Supplied information =
====
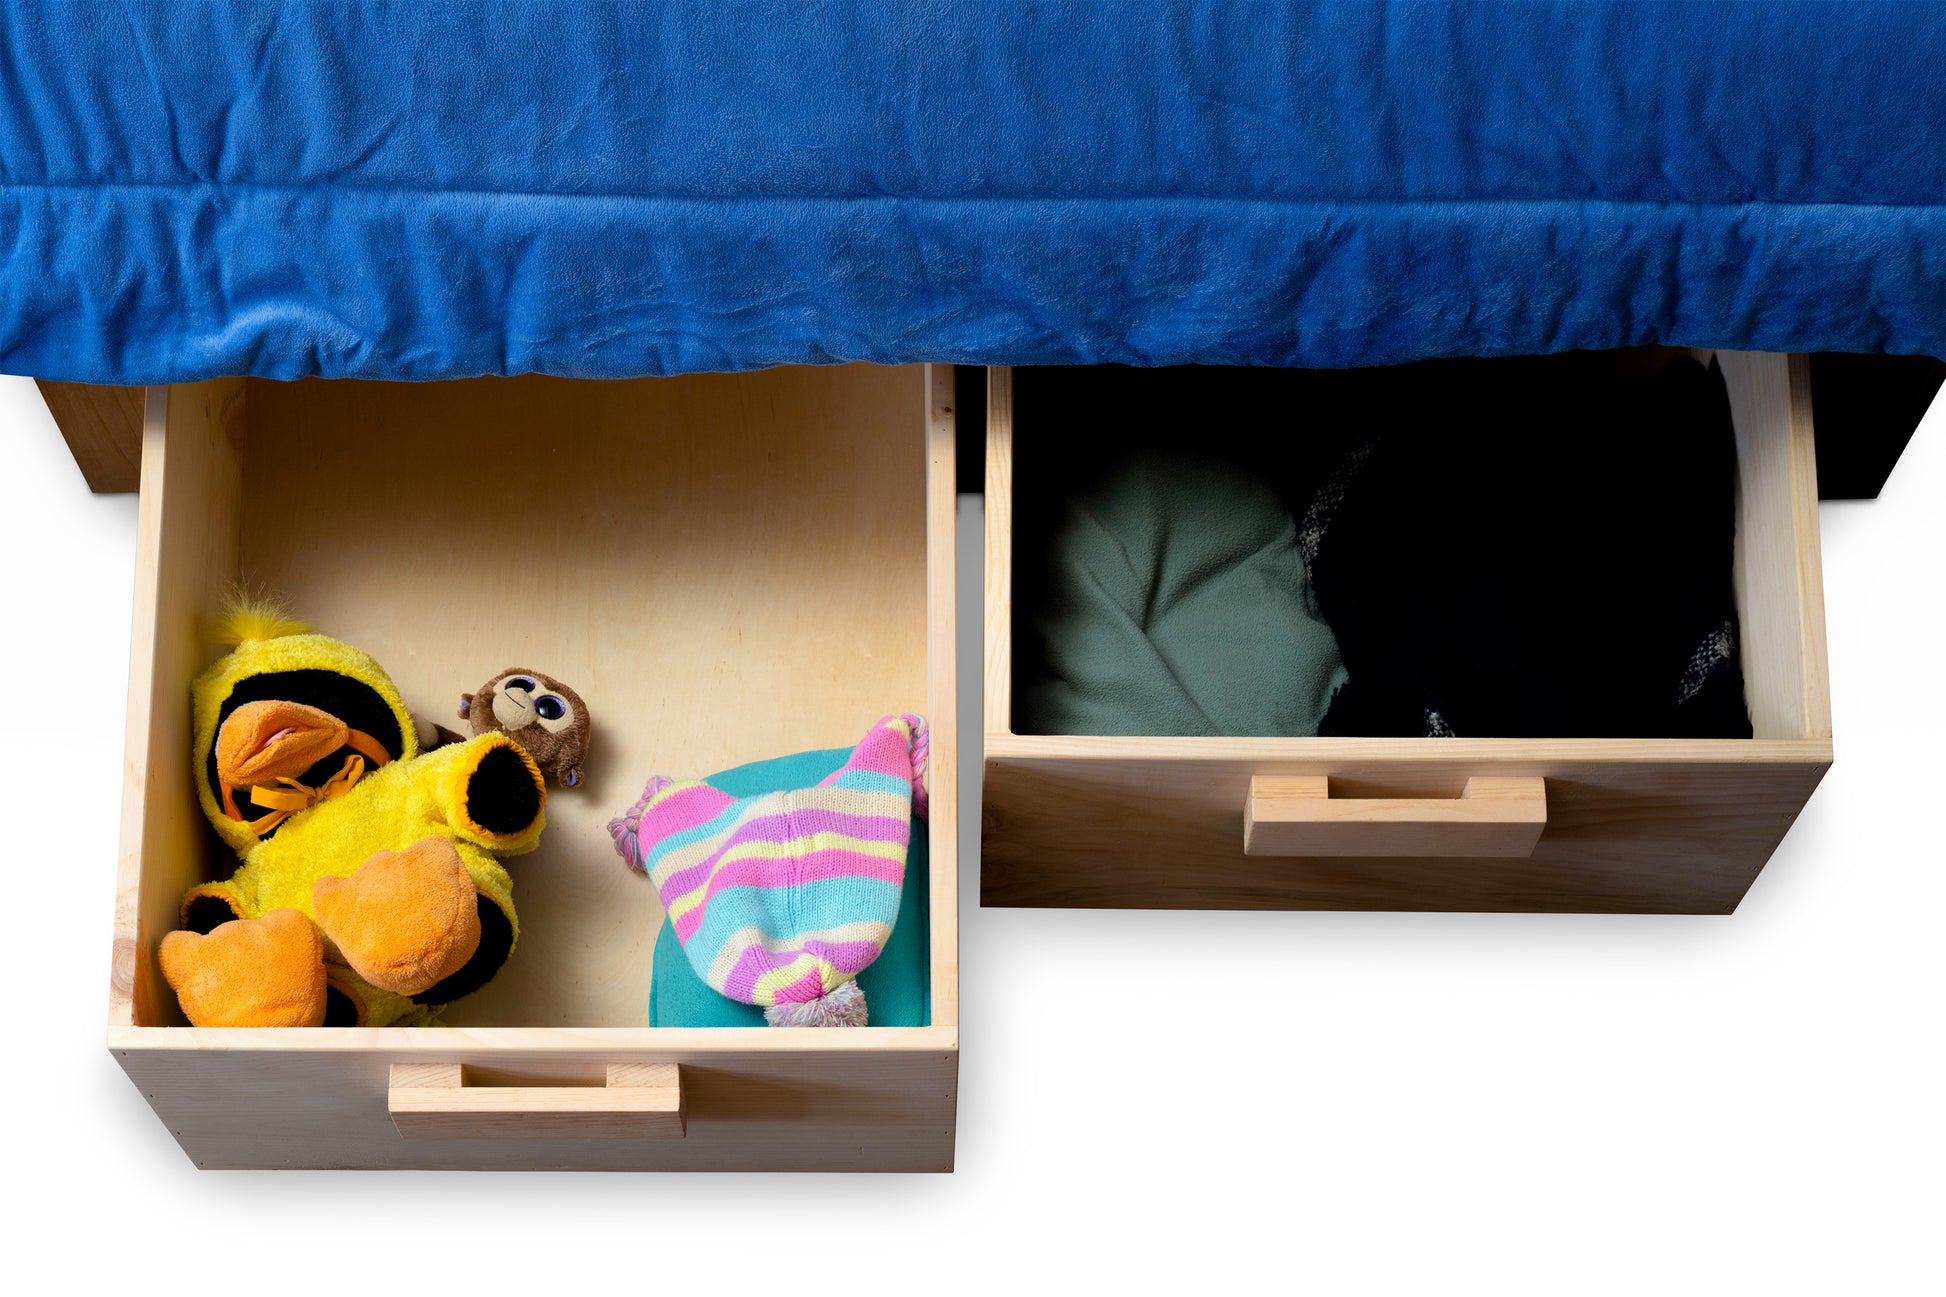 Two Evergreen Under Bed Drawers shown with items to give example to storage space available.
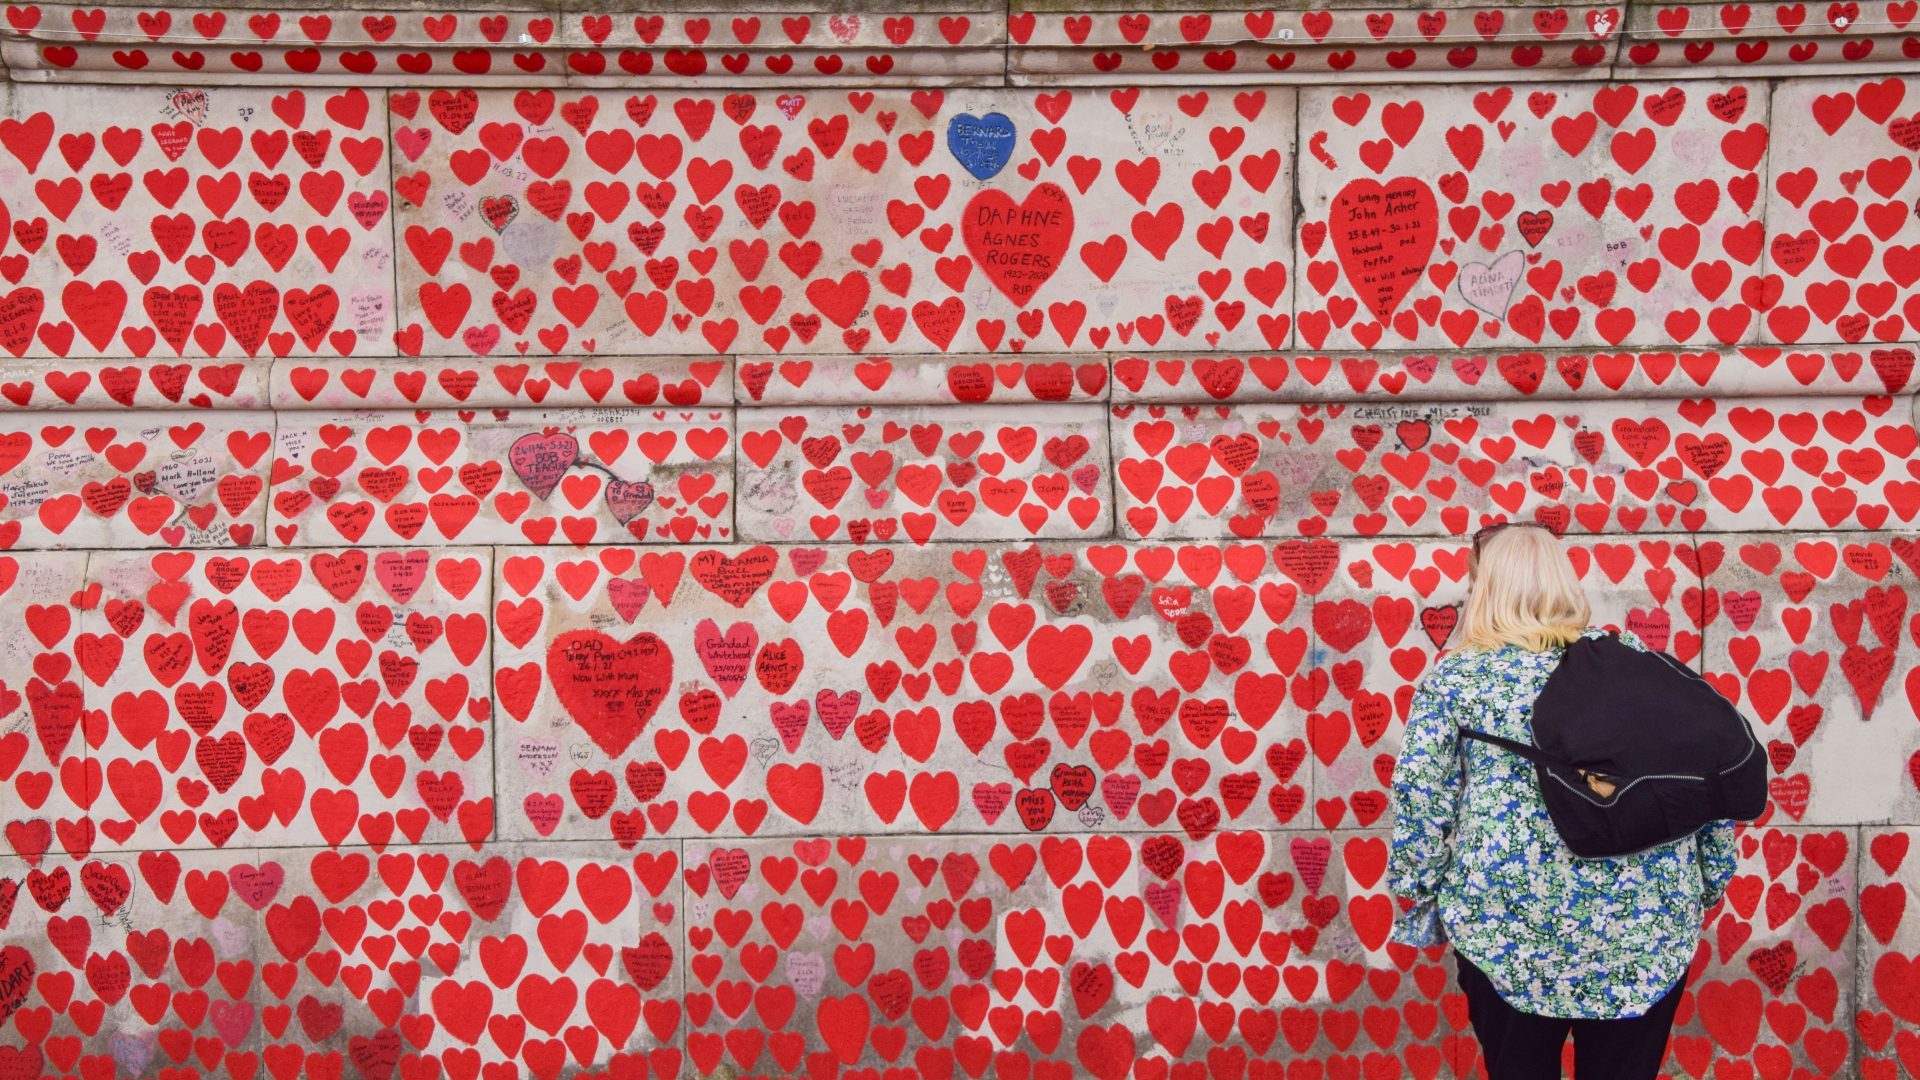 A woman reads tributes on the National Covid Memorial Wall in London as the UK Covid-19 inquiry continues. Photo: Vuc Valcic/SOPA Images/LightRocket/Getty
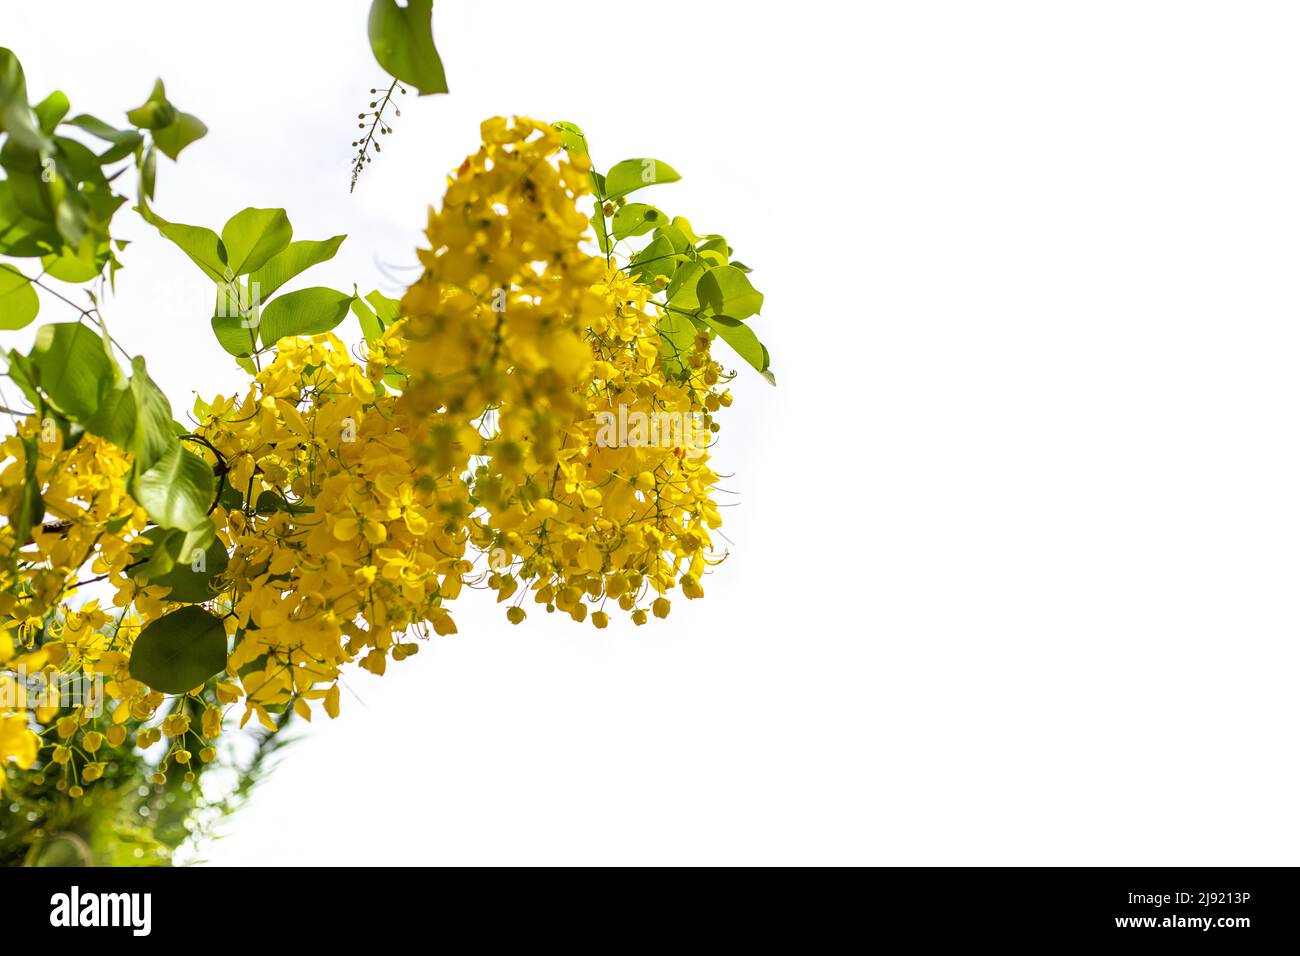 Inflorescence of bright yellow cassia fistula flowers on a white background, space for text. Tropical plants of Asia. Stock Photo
====
Problem description = The task requires that every line above be transcribed exactly, without the images.

Answer to the problem =
 Two Evergreen Under Bed Drawers shown with items to give example to storage space available.
 A woman reads tributes on the National Covid Memorial Wall in London as the UK Covid-19 inquiry continues. Photo: Vuc Valcic/SOPA Images/LightRocket/Getty
 Inflorescence of bright yellow cassia fistula flowers on a white background, space for text. Tropical plants of Asia. Stock Photo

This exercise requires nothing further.